- _TASK ITEM_
If a line contains the word "dans", include it in the count; state how many such lines the listing has and nothing else.

- _DATA_
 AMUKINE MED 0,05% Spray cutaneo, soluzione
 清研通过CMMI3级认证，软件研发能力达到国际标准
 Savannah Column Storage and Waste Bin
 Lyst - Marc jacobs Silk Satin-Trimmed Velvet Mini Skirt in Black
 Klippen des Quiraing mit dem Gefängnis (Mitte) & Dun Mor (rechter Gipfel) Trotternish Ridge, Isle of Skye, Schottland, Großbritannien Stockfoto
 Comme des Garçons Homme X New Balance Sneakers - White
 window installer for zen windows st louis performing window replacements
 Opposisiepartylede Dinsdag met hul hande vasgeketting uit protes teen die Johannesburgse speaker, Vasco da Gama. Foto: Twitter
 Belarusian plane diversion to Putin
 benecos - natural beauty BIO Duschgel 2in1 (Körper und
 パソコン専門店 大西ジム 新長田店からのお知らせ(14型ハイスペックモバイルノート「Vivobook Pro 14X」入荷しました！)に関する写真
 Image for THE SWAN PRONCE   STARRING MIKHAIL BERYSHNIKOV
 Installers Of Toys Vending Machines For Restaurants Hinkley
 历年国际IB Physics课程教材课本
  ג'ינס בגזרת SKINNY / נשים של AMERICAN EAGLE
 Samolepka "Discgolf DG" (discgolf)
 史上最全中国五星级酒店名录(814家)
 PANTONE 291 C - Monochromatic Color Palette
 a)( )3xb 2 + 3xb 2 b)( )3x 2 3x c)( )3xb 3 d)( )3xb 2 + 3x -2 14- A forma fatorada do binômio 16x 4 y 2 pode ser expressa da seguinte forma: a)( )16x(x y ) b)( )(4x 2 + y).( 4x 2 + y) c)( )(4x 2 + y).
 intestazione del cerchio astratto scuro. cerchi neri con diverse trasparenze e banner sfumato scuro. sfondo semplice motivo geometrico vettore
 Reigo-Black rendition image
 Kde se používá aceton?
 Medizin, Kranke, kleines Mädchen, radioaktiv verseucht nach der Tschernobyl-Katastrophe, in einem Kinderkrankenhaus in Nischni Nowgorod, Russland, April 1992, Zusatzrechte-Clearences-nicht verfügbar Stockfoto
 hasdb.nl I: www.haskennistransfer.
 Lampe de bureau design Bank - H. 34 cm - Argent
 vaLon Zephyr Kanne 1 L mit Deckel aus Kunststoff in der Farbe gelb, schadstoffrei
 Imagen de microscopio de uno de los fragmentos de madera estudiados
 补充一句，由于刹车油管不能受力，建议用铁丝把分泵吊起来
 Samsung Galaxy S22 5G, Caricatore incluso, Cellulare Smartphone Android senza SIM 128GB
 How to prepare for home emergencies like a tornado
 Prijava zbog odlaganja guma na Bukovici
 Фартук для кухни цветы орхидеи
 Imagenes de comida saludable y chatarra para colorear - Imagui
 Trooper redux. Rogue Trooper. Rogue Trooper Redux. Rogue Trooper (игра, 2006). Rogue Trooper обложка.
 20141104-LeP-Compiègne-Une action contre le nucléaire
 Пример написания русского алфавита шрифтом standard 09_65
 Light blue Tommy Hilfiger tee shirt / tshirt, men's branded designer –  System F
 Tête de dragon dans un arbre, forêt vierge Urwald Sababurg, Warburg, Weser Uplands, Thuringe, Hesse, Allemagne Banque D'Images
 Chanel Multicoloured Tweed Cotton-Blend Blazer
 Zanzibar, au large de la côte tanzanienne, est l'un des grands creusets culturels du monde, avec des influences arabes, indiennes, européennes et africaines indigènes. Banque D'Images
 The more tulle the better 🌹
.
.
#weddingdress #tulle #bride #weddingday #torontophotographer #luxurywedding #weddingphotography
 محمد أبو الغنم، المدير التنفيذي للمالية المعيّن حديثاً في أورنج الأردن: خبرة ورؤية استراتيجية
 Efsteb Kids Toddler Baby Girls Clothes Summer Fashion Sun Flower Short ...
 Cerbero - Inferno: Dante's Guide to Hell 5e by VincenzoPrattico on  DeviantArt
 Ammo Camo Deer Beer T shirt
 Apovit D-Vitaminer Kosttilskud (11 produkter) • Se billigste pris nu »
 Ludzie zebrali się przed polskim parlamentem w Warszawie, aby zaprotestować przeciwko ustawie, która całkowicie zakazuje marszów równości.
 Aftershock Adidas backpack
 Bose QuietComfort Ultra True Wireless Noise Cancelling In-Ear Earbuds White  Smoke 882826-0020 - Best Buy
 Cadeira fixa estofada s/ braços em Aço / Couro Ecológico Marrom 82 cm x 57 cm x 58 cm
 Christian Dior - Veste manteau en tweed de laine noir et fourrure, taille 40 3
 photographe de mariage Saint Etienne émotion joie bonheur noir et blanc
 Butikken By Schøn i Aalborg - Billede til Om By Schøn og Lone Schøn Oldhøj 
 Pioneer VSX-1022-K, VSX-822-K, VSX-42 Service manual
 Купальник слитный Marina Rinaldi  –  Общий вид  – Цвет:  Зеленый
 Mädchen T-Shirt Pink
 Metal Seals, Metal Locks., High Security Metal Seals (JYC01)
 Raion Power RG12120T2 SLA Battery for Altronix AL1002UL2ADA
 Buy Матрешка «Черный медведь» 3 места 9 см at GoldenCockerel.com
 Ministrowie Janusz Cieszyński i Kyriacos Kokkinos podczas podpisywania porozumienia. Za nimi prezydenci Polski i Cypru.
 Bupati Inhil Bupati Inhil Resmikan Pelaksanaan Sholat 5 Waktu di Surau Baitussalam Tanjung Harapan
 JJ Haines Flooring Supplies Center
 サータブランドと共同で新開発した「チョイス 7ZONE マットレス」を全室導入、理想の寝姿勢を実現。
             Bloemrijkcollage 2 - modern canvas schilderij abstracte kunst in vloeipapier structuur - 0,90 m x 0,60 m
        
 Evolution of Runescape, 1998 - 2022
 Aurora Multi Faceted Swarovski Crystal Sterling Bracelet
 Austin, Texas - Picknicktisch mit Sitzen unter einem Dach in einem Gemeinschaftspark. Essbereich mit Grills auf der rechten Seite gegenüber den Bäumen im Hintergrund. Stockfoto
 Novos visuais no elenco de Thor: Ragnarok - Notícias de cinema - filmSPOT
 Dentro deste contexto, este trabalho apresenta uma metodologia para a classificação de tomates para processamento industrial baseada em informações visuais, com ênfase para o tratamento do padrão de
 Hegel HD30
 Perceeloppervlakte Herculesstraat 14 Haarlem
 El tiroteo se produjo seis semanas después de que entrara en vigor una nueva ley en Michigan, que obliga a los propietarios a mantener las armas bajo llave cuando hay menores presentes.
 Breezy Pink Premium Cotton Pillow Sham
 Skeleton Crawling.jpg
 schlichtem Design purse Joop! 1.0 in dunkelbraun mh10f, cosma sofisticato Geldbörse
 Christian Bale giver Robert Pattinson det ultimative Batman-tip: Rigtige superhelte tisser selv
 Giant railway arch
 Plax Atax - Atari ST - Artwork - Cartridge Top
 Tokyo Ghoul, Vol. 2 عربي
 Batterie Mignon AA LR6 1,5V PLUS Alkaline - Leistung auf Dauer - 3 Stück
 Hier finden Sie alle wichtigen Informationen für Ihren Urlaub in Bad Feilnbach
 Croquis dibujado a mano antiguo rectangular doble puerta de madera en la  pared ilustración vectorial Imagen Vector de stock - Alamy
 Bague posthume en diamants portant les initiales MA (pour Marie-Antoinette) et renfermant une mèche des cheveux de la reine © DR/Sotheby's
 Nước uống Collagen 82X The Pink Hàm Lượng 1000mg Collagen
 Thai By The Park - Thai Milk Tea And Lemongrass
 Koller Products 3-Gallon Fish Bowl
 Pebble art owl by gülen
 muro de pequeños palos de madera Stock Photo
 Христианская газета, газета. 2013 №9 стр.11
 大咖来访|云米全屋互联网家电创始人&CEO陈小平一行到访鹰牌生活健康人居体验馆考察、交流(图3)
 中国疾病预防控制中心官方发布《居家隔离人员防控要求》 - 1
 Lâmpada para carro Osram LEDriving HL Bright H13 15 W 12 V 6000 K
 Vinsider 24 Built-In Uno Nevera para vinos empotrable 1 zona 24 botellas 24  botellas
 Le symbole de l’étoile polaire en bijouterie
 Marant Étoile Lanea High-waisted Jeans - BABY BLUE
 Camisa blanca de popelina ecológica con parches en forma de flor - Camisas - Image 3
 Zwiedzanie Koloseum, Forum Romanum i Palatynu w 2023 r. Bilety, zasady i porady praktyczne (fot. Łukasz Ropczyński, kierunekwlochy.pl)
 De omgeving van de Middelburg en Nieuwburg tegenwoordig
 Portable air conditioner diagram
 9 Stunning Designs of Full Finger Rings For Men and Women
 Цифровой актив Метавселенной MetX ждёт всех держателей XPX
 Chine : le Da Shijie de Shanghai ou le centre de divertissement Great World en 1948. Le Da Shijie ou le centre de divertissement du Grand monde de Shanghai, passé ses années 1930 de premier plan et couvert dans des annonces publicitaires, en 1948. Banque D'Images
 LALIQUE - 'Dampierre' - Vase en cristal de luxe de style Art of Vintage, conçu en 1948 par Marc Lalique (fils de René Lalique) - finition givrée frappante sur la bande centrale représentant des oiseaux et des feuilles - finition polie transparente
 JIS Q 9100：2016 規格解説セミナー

- _TASK RESULT_
2